_Try it_.
Once the line with "El agua (Mundo" is found, repeat it and all later lines exactly through the end of the listing below, with the pictures left out.

_Information supplied_.
::::::

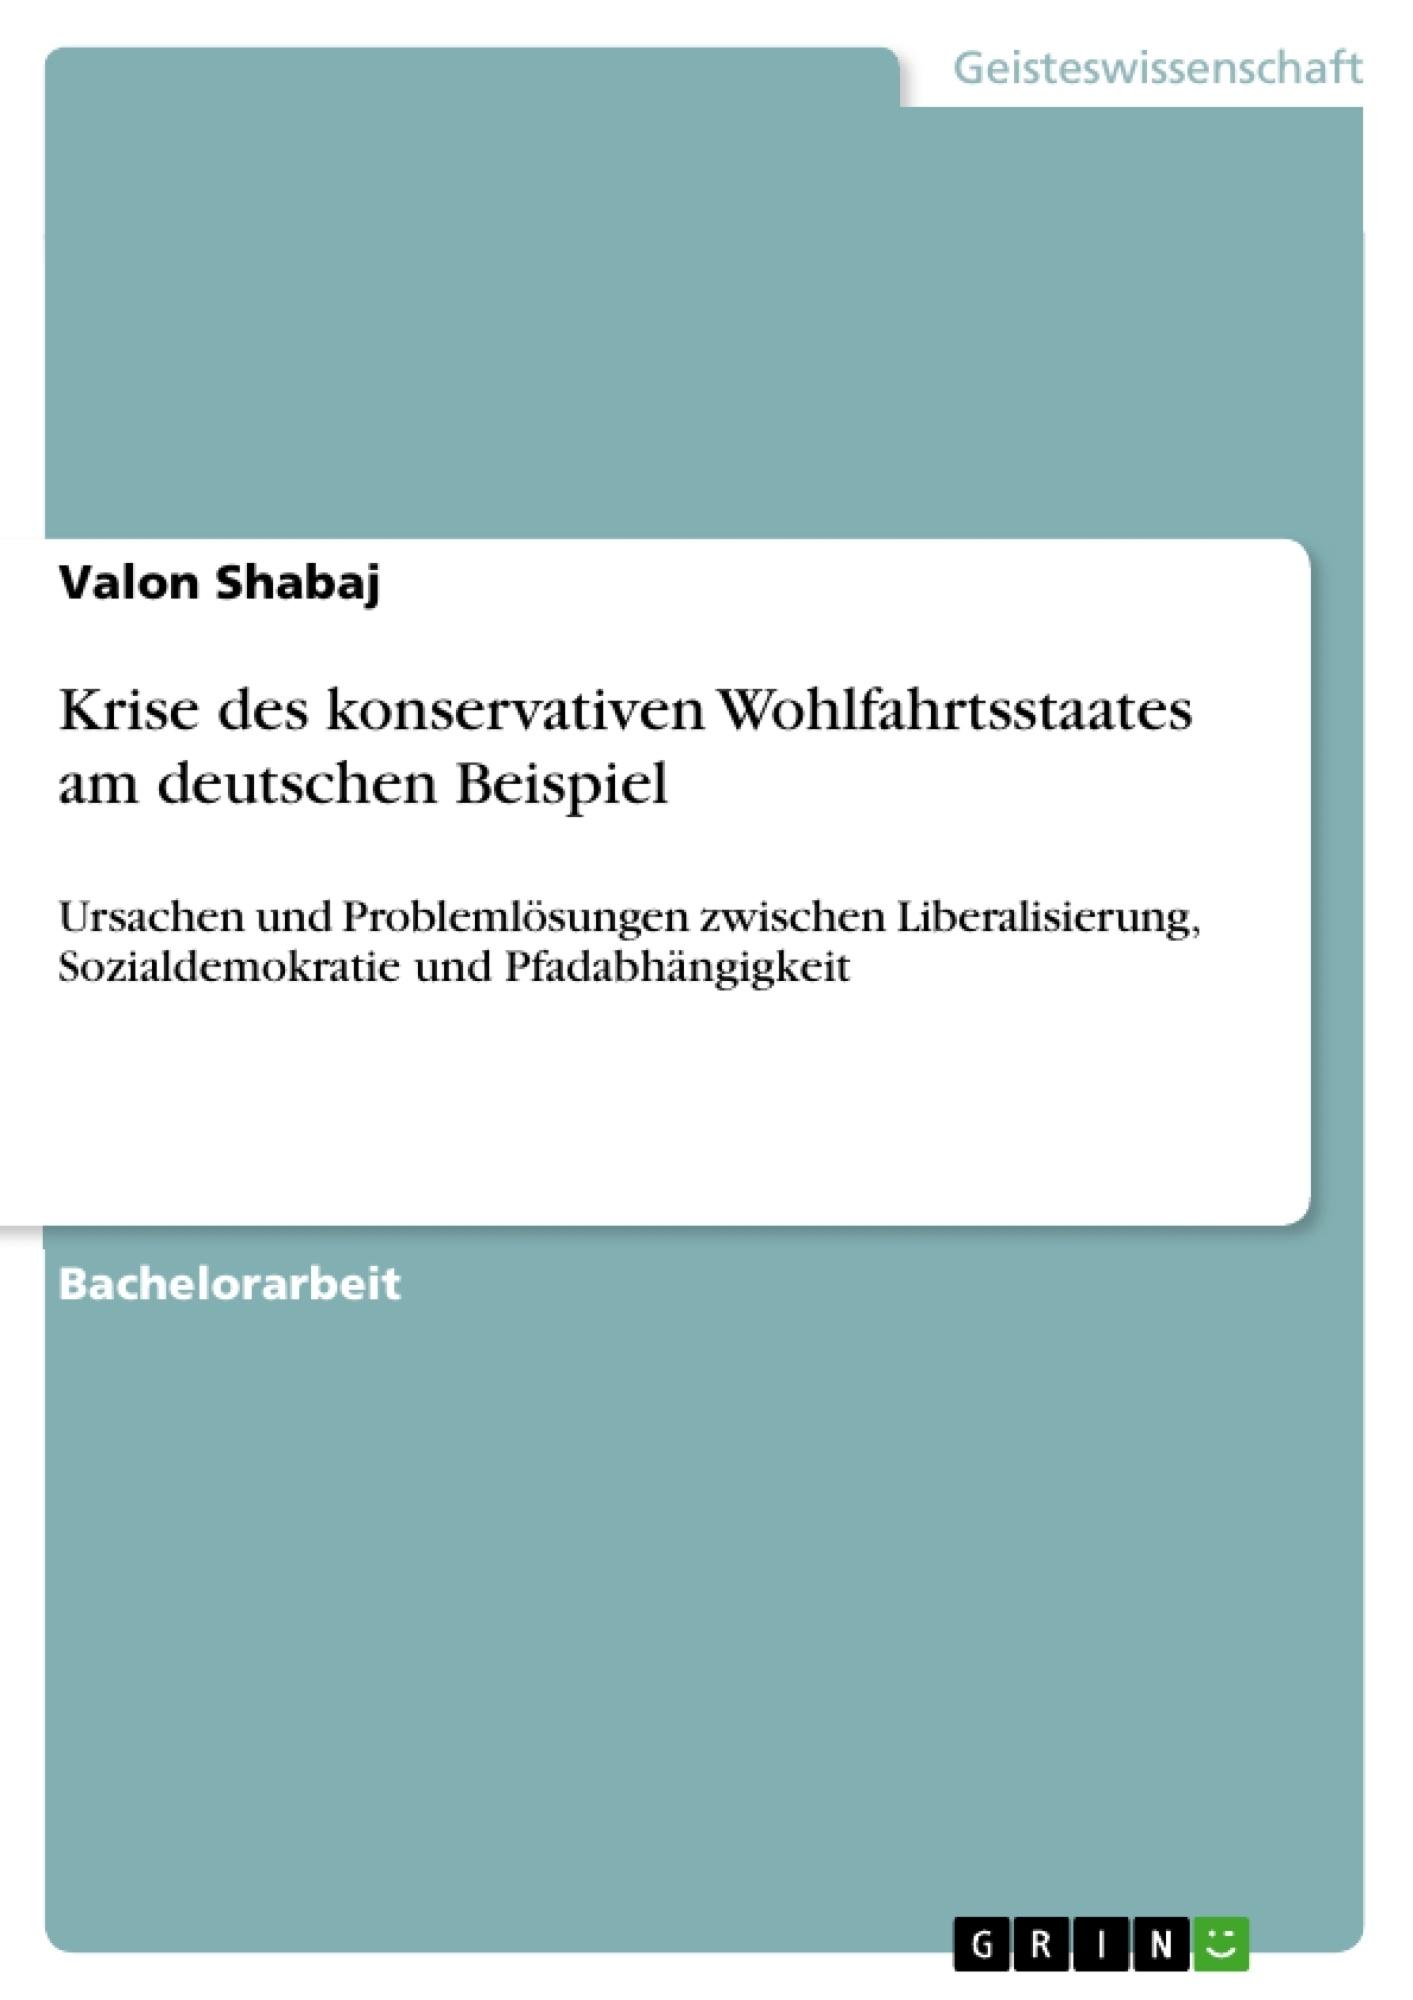 Titel: Krise des konservativen Wohlfahrtsstaates am deutschen Beispiel
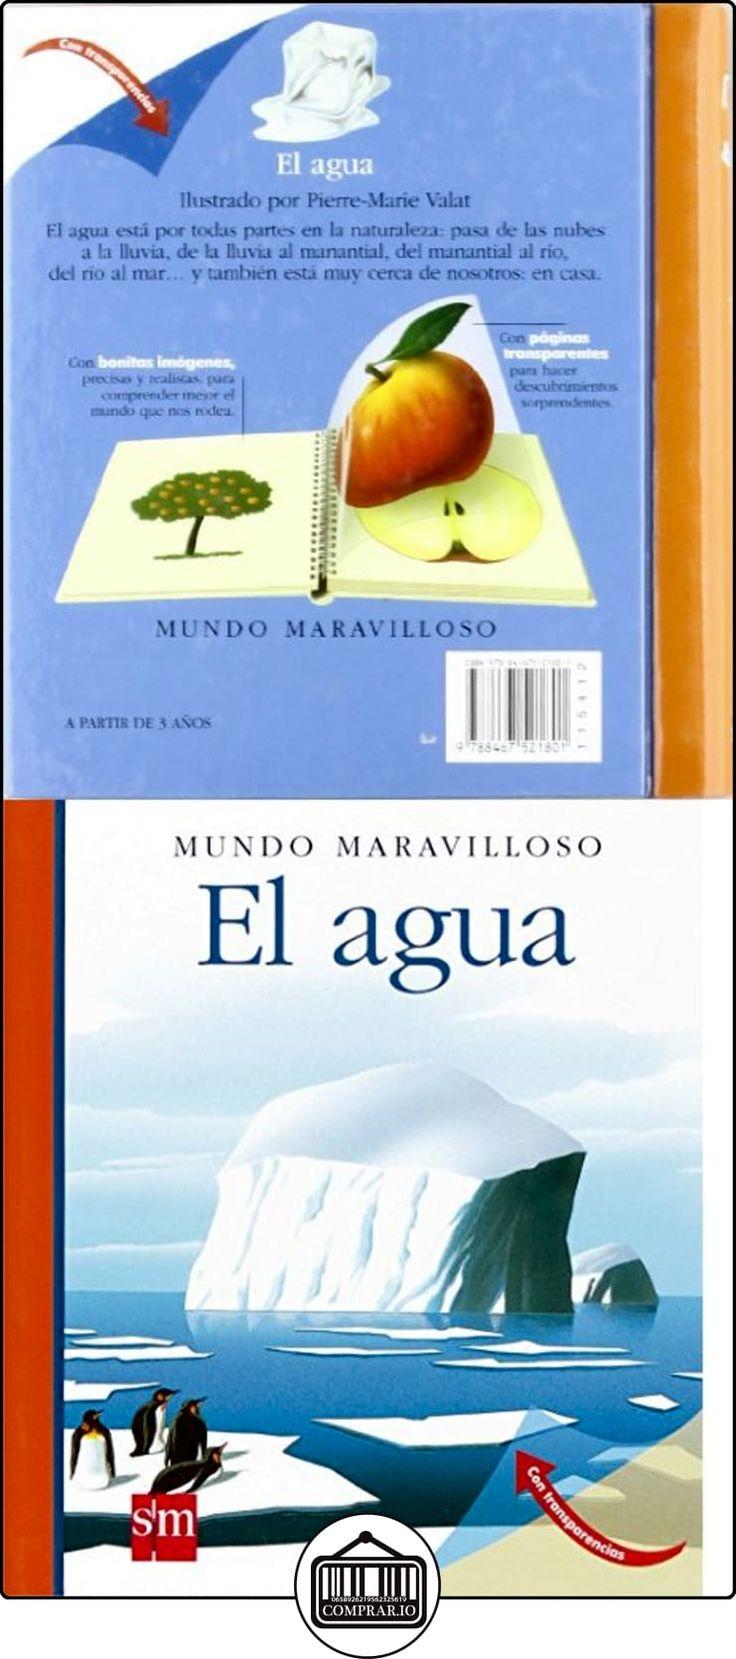 El agua (Mundo maravilloso) Pierre-Marie Valat ✿ Libros infantiles y juveniles - (De 0 a 3 años) ✿
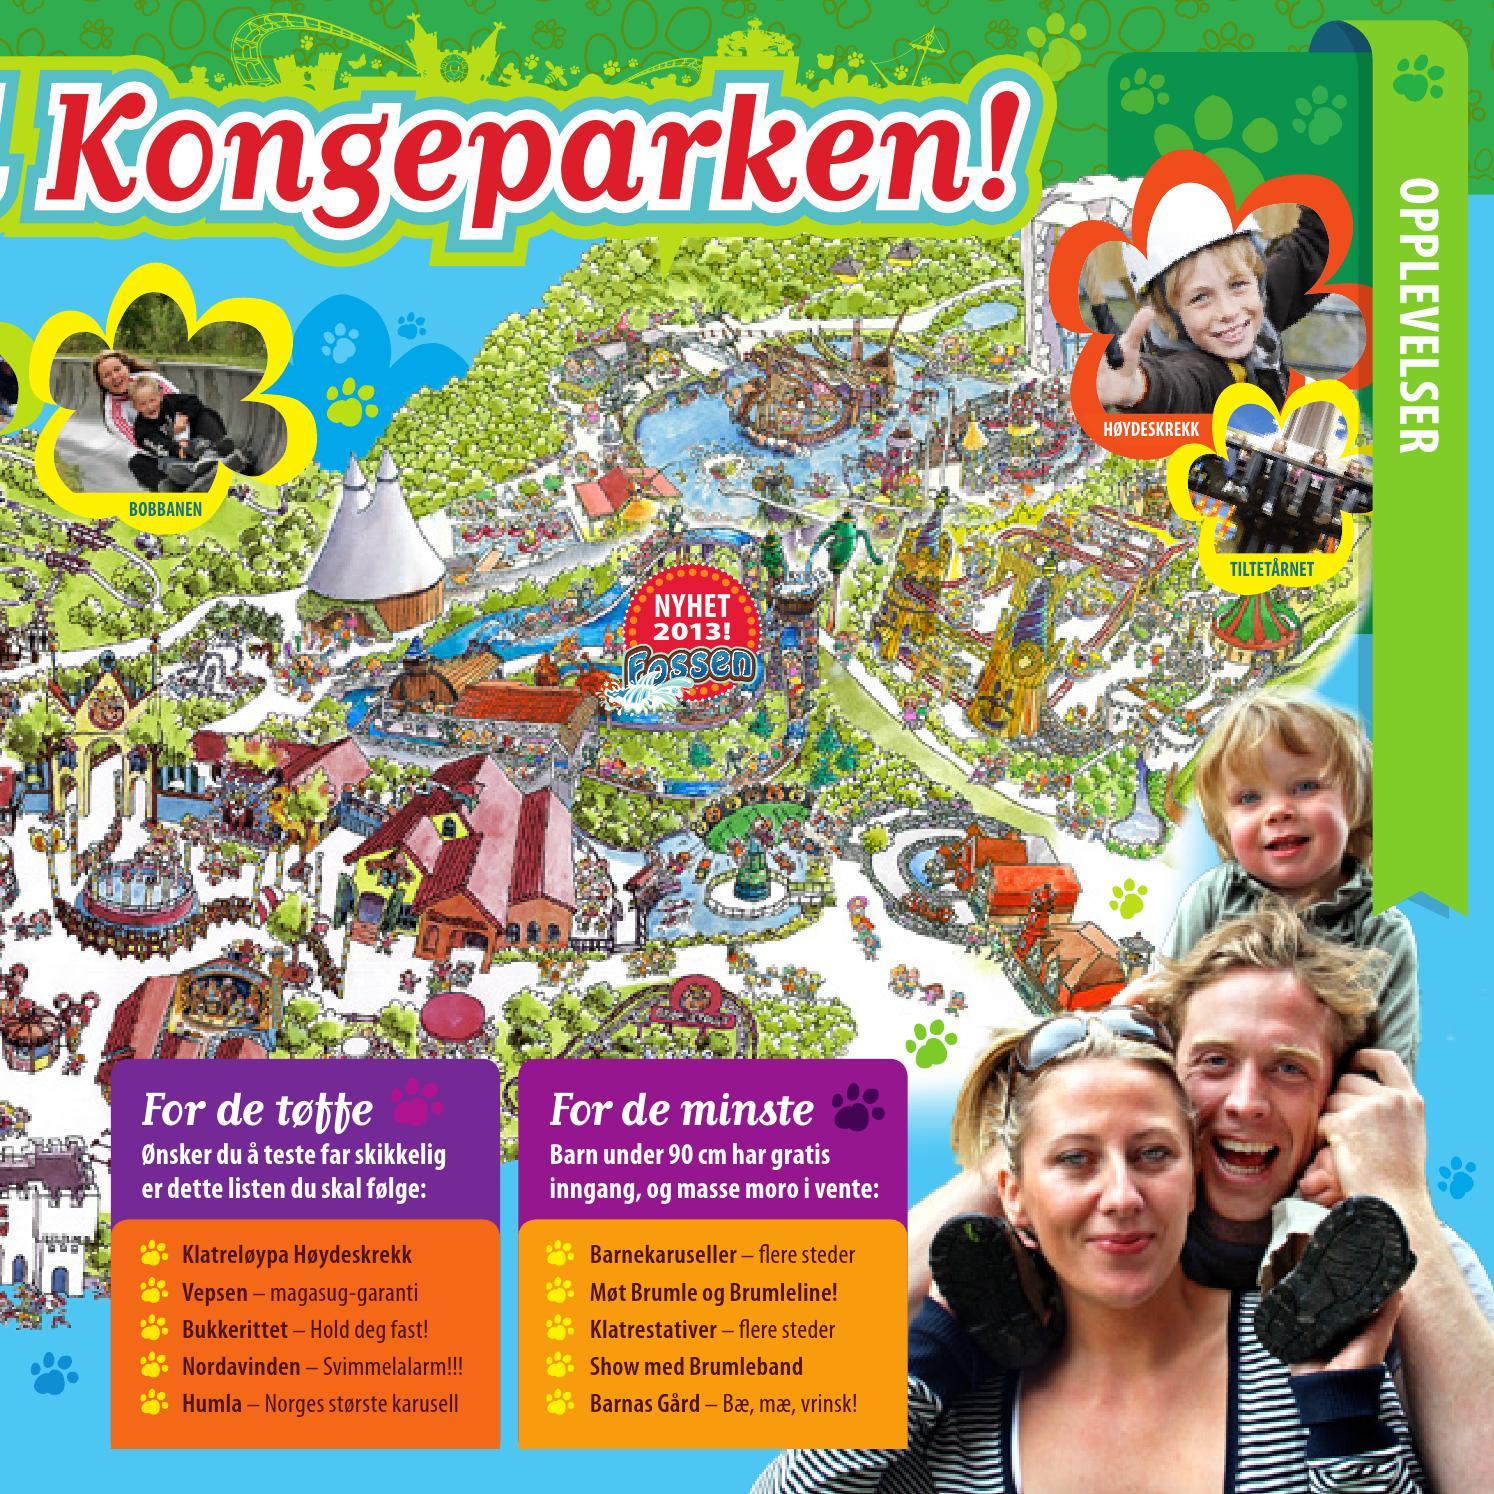 kart kongeparken Kongeparken brosjyre 2013 by Kongeparken   issuu kart kongeparken
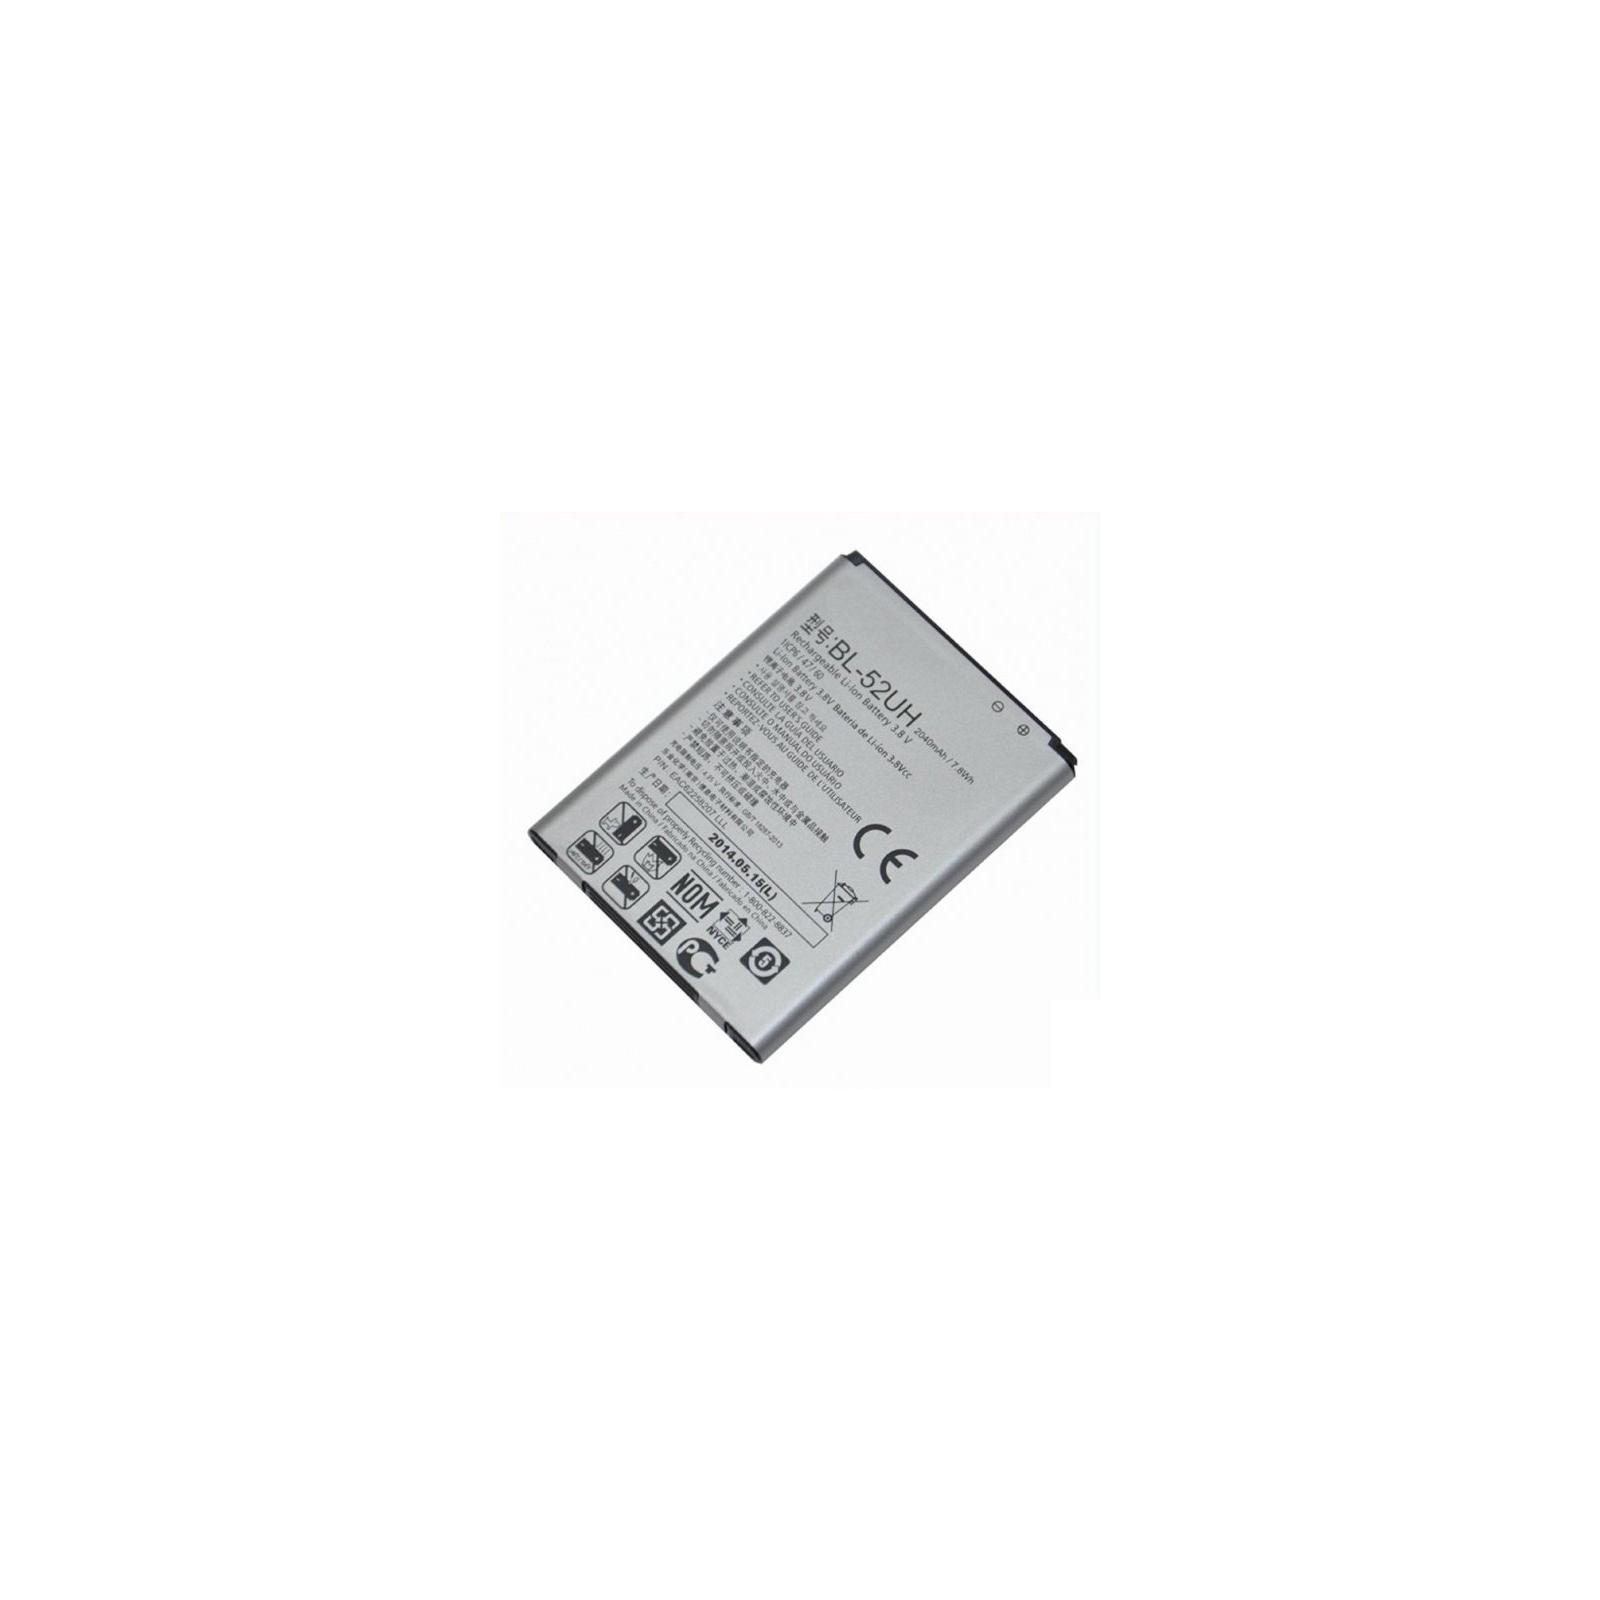 Аккумуляторная батарея LG for L65/L70/Spirit/D280/D285/D320/D325/H222 (BL-52UH / 37273)

::::::

_Answer to this task_.
 El agua (Mundo maravilloso) Pierre-Marie Valat ✿ Libros infantiles y juveniles - (De 0 a 3 años) ✿
 kart kongeparken Kongeparken brosjyre 2013 by Kongeparken   issuu kart kongeparken
 Аккумуляторная батарея LG for L65/L70/Spirit/D280/D285/D320/D325/H222 (BL-52UH / 37273)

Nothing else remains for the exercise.